-- Opening Marker --
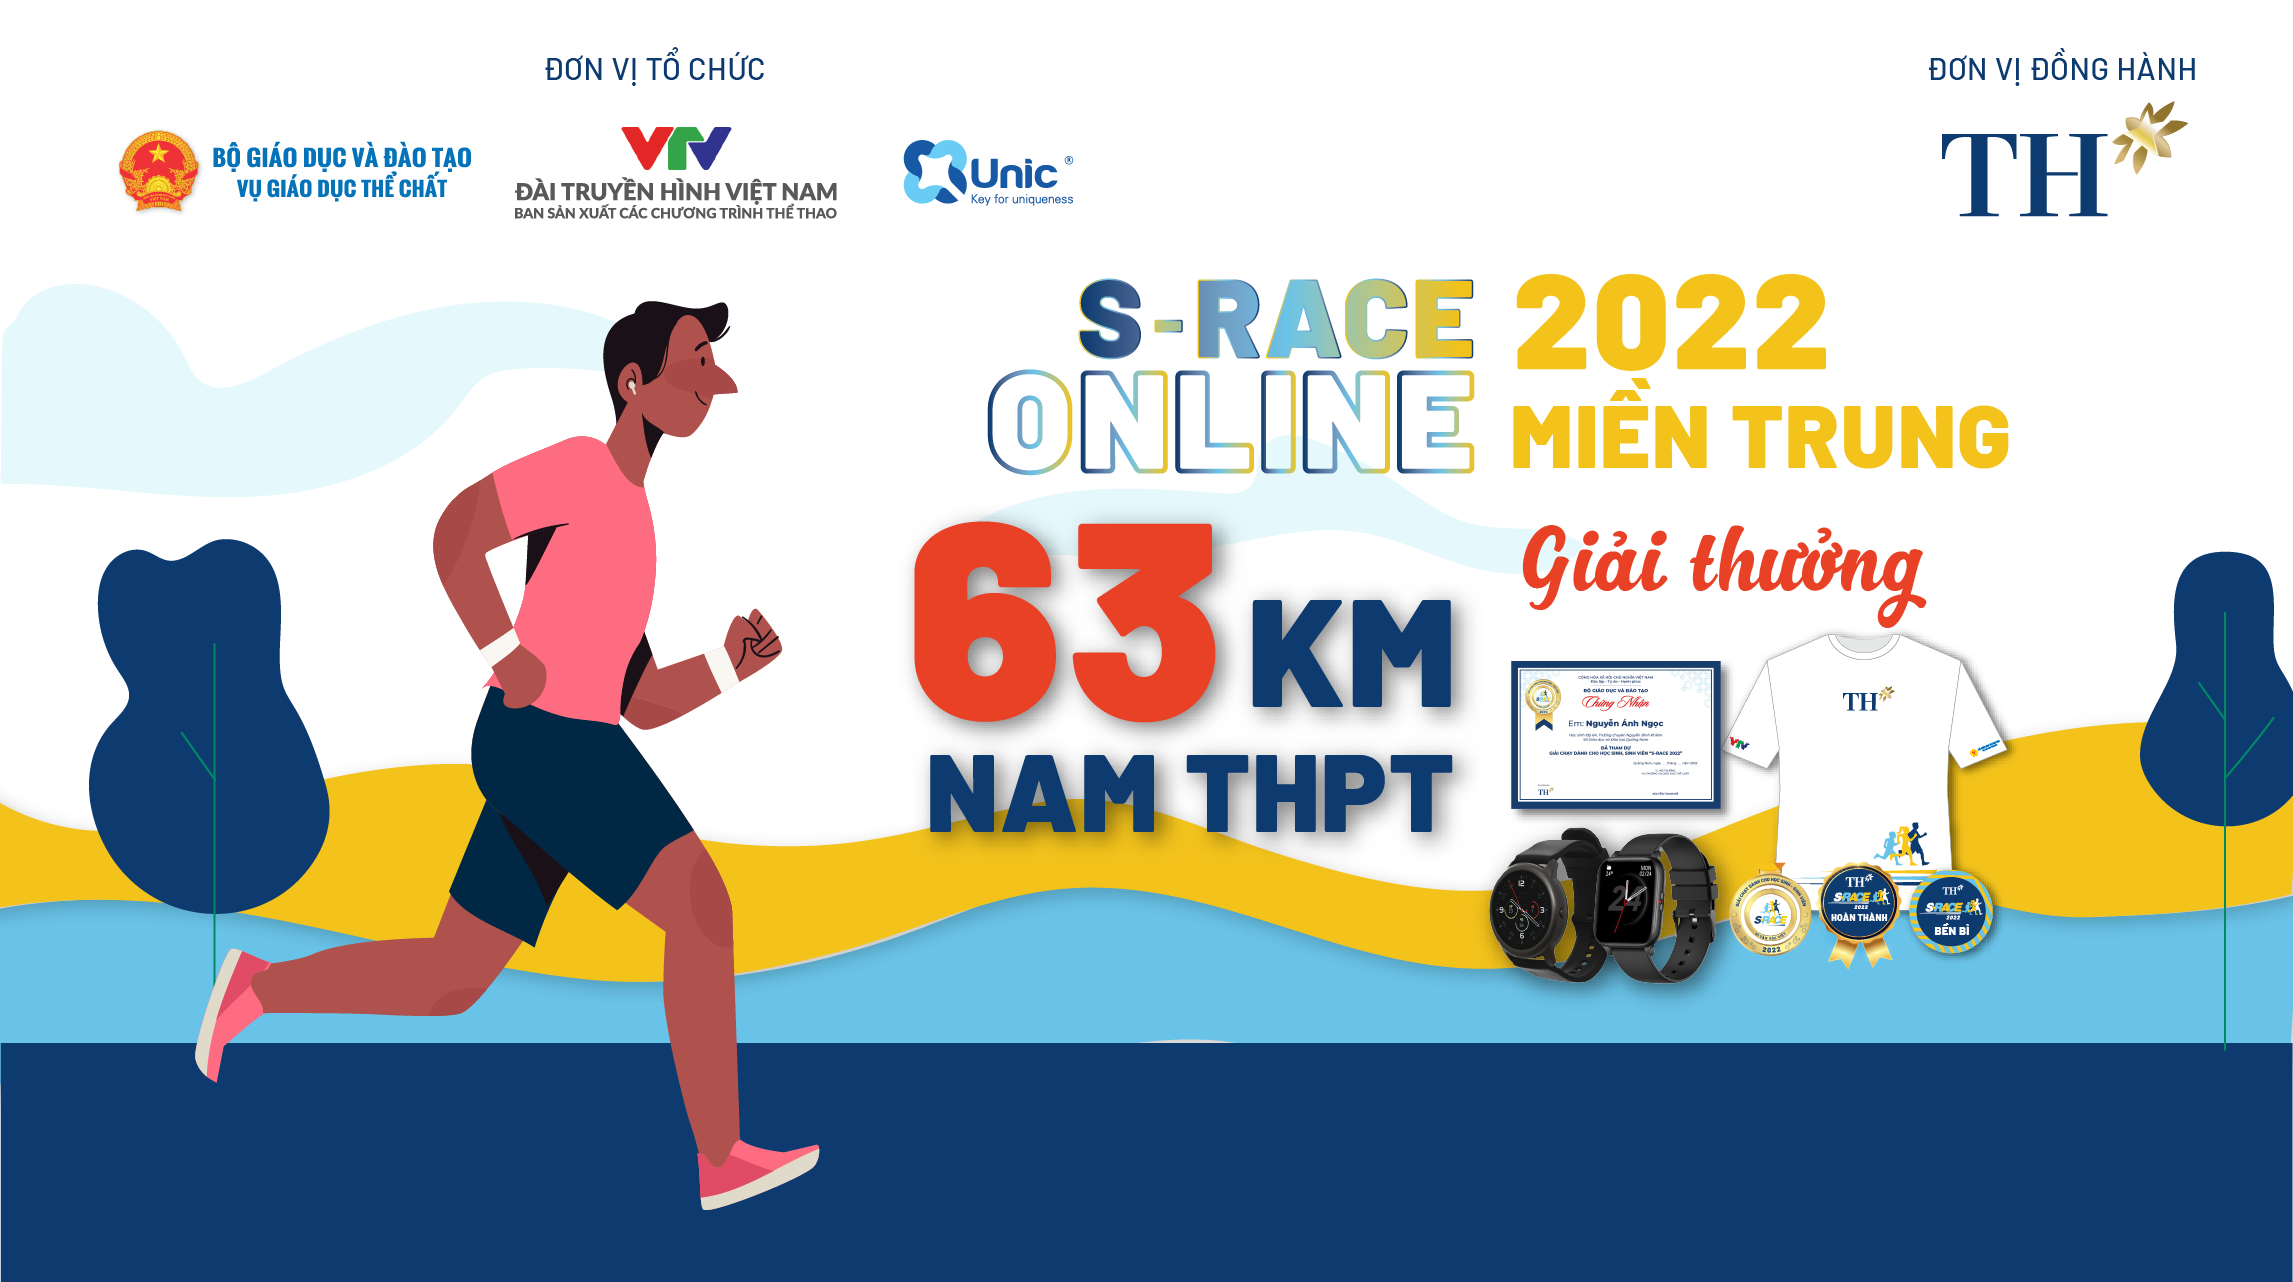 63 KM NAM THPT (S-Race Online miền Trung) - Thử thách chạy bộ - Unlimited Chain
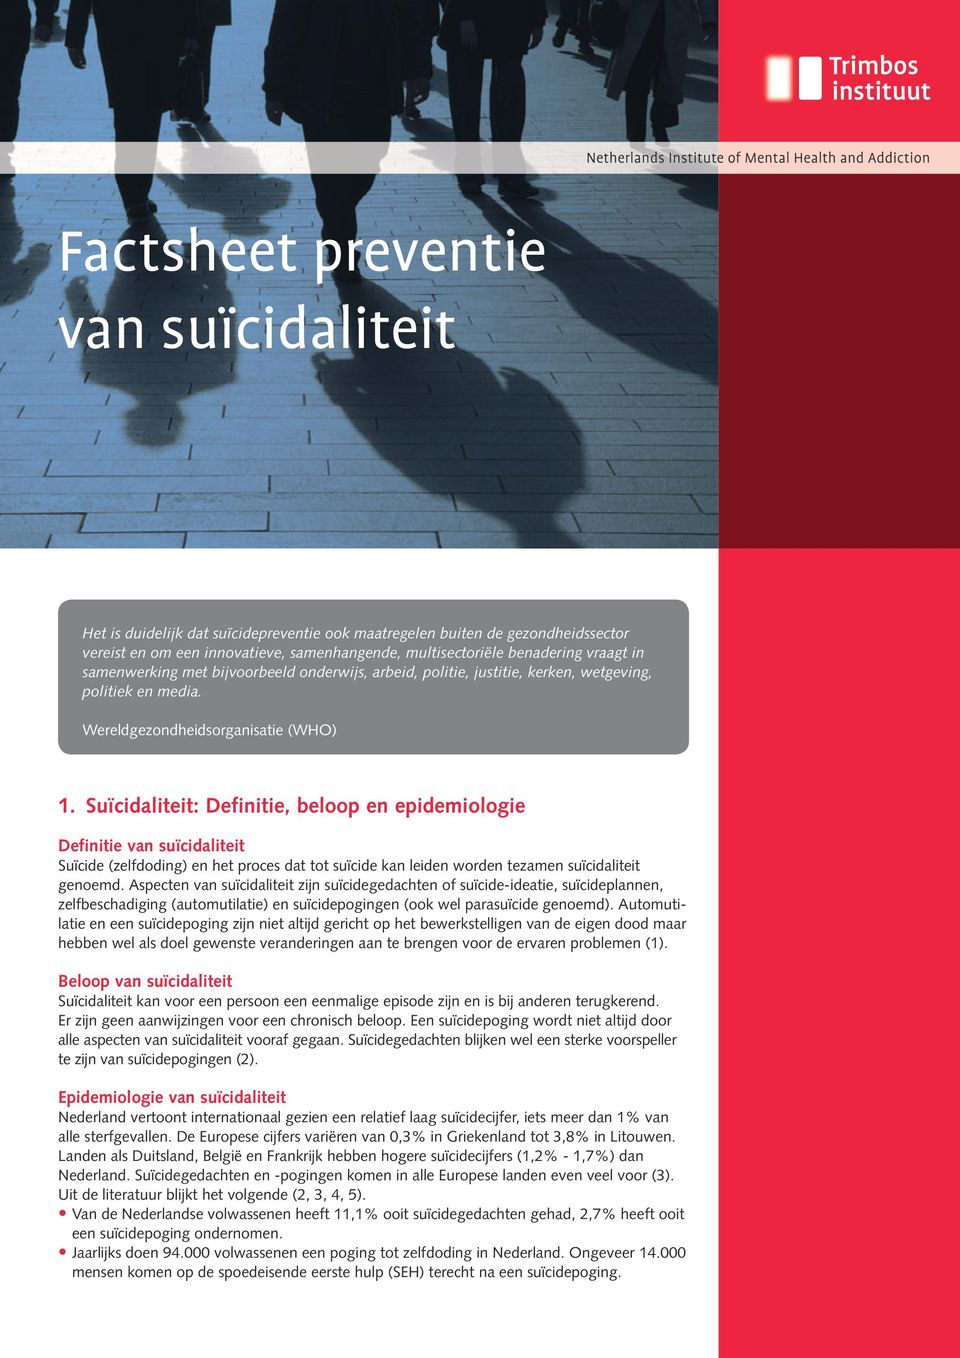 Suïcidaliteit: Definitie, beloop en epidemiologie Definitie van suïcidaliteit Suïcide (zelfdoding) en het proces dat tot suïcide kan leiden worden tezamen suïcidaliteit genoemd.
-- Closing Marker --
-- Opening Marker --
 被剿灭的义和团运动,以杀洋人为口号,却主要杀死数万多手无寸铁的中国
-- Closing Marker --
-- Opening Marker --
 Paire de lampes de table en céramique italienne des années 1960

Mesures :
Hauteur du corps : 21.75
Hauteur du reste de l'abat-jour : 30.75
-- Closing Marker --
What is wanted is an exact copy of the lines above from the one containing "63 KM NAM THPT" through the one containing "Suïcidaliteit: Definitie, beloop", with no pictures in it.

 63 KM NAM THPT (S-Race Online miền Trung) - Thử thách chạy bộ - Unlimited Chain
 Suïcidaliteit: Definitie, beloop en epidemiologie Definitie van suïcidaliteit Suïcide (zelfdoding) en het proces dat tot suïcide kan leiden worden tezamen suïcidaliteit genoemd.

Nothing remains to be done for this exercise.